Contents of the file I'm using, when running head or more or less, is:

AzeR|Gene MSDEVEDSSNPKDRKYVEALARGLDVLRAFTHGSVVLGNQEISRITGLPKATVSRMTYTL TQLGYLCYSQQHEKYQLDSGVLALGYAYVSNLRVRQLAKPYMDAFARRTNTTVGLTCRDW LSMIYVENCRPPEATSLRMDAGVRLPLATTAAGRAYLAATPEQEREHLLSALQERHEGDW SVMRASLEASFEEFRQHGFCLSLGDWDRNVRAAGVPLRLADGGLMALTCGAPSFQLSEET LRGSLAHELEILARDIESLGA F5_fig|1402135.21.peg.1764 MDKAFIKGLRLIEALAHSEKPRGVTELAAELGLTKSNVHRLLATLVAQGYVHQDPQYSTY ALGTKIWELGSHVIRRLDLTKVARPAMERLAALTGETVHLSVLDDMDVVYLDKIESSHHI RAHTHVGQRAPAYTMATGKAMLARMPDAYLERYHNRFQSFTPTTITTMDQLHRAIEEVRA

So clearly the file isn't empty it's just not being read by ete3...If anyone has an idea of what this could be I would really appreciate it.
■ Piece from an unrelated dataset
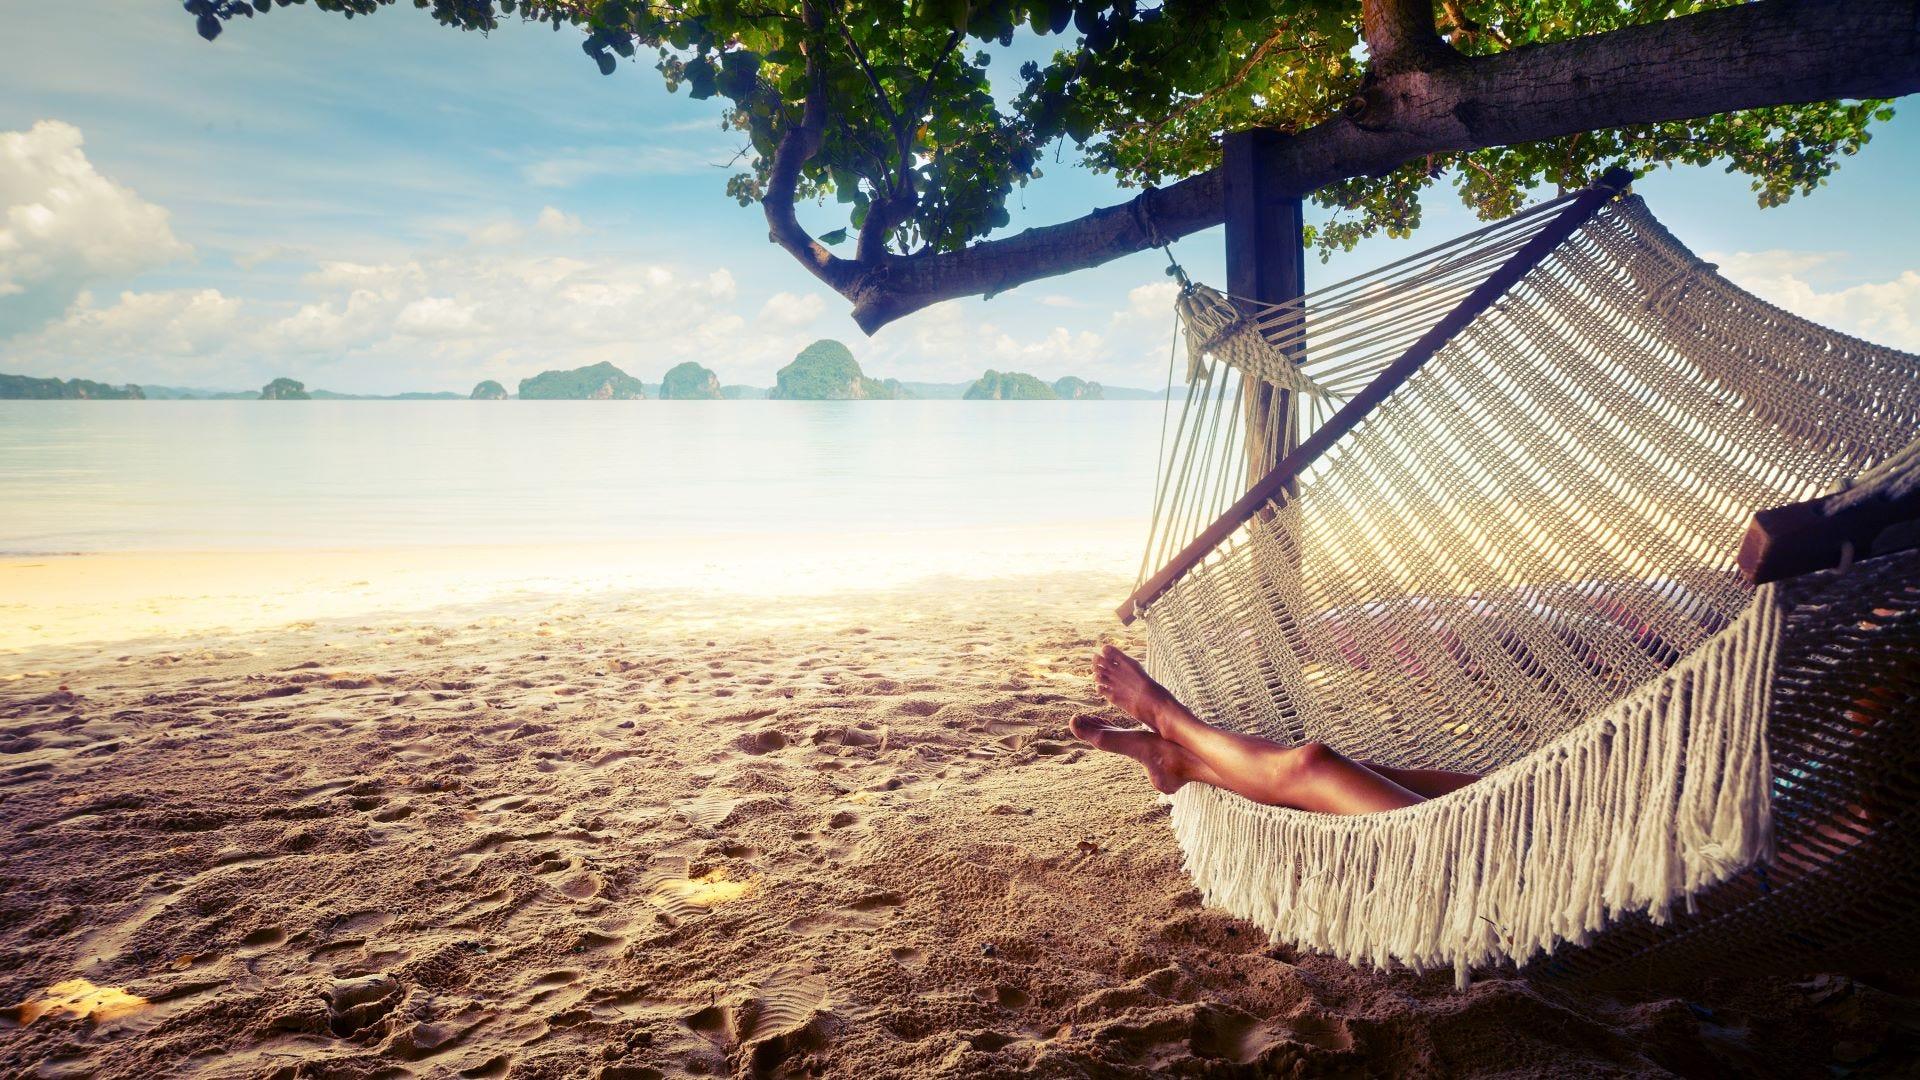 A woman lying in a hammock on the beach.

Thanks

Ahmed

jhcepas commented 4 years ago

is the sequence file in fasta format?

>AzeR|Gene MSDEVEDSSNPKDRKYVEALARGLDVLRAFTHGSVVLGNQEISRITGLPKATVSRMTYTL TQLGYLCYSQQHEKYQLDSGVLALGYAYVSNLRVRQLAKPYMDAFARRTNTTVGLTCRDW LSMIYVENCRPPEATSLRMDAGVRLPLATTAAGRAYLAATPEQEREHLLSALQERHEGDW SVMRASLEASFEEFRQHGFCLSLGDWDRNVRAAGVPLRLADGGLMALTCGAPSFQLSEET LRGSLAHELEILARDIESLGA >F5_fig|1402135.21.peg.1764 MDKAFIKGLRLIEALAHSEKPRGVTELAAELGLTKSNVHRLLATLVAQGYVHQDPQYSTY ALGTKIWELGSHVIRRLDLTKVARPAMERLAALTGETVHLSVLDDMDVVYLDKIESSHHI RAHTHVGQR

Ahmed-Shibl commented 4 years ago

Yes...I even put through SeqKit earlier to remove header names..

jhcepas commented 4 years ago

can you upload the input file?

Ahmed-Shibl commented 4 years ago

Could the problem be that it's massive? as in >100,000 seqs?
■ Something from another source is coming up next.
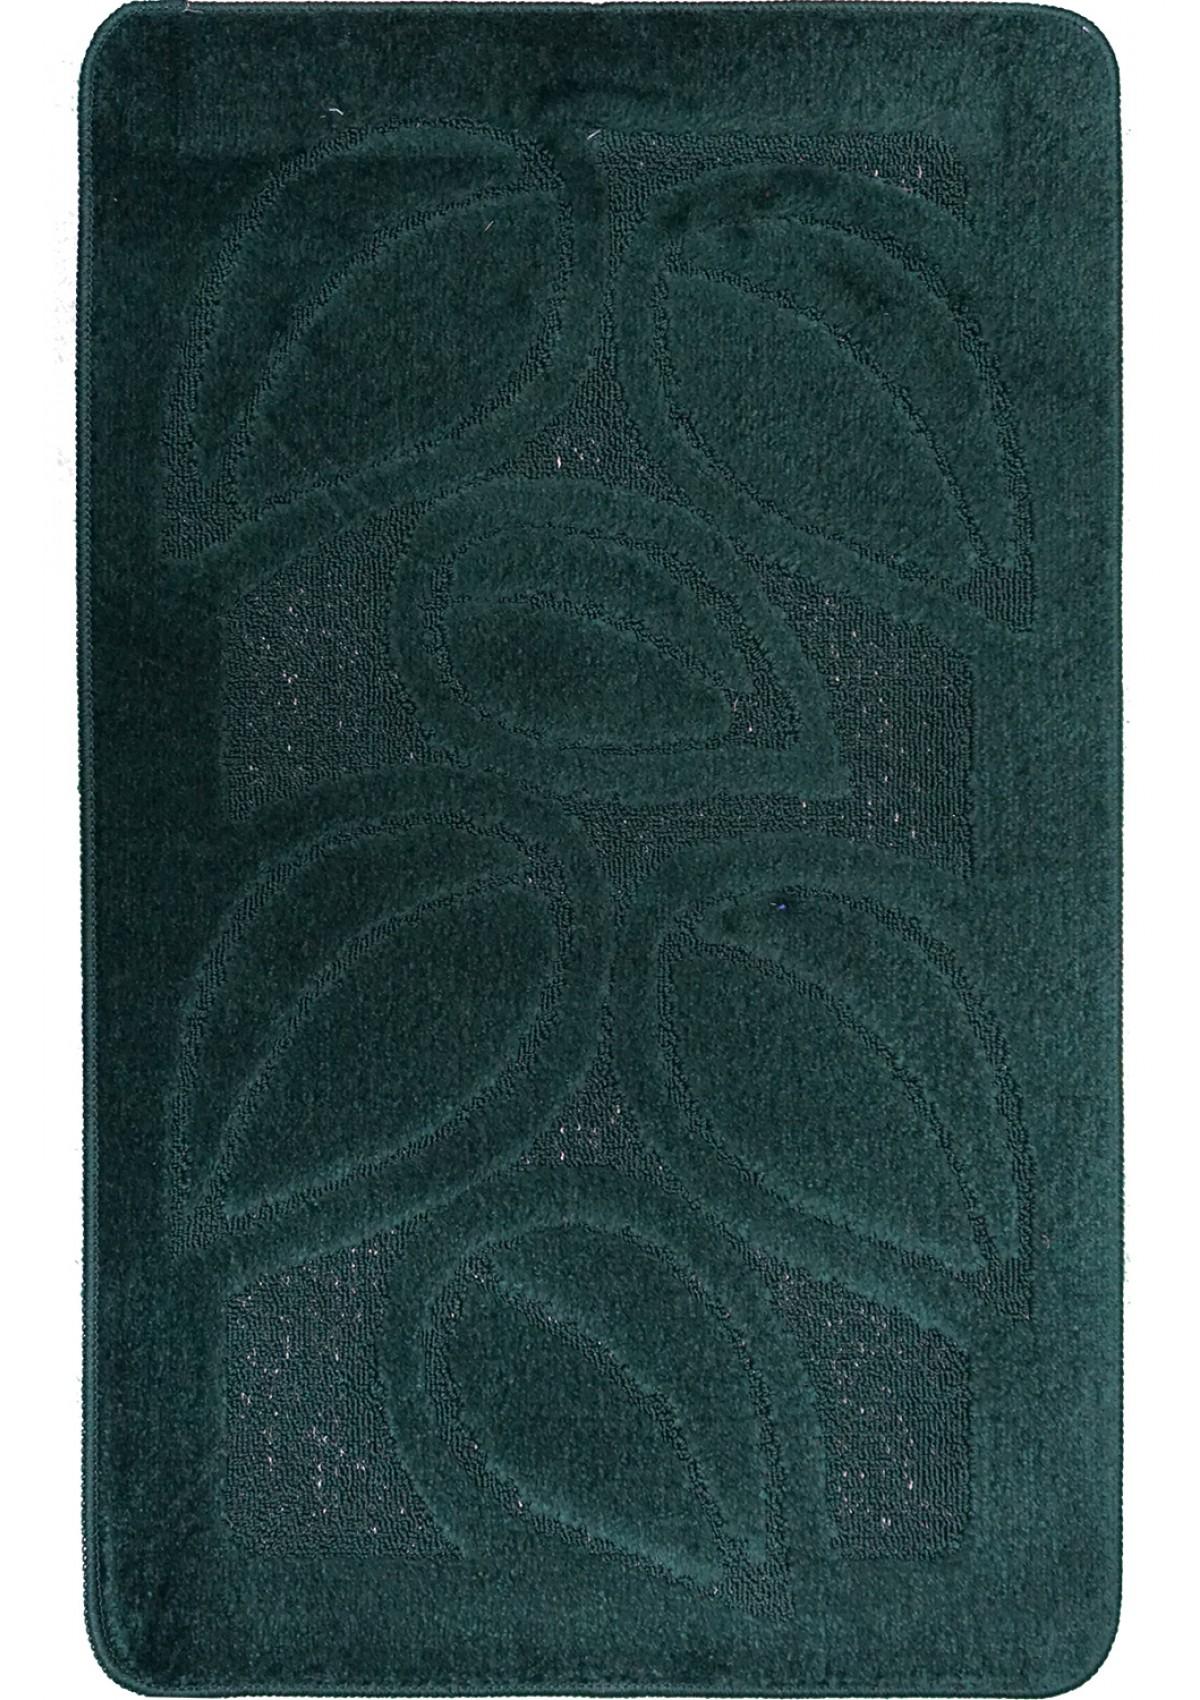 Килимок FLORA 2536 pc1 HUNTER GREEN

Ahmed-Shibl commented 4 years ago

AzeR_ncbinr_alignment_1_200aa_headers_NEW_4.fa.zip

AaronBlare commented 4 years ago

I have similar error, when try to load ~12.000 seqs. When I reduce number of seqs to 10.000 - everything works.

Is there any limit to number of loaded seqs? @jhcepas @Ahmed-Shibl Does the solution for this problem exist?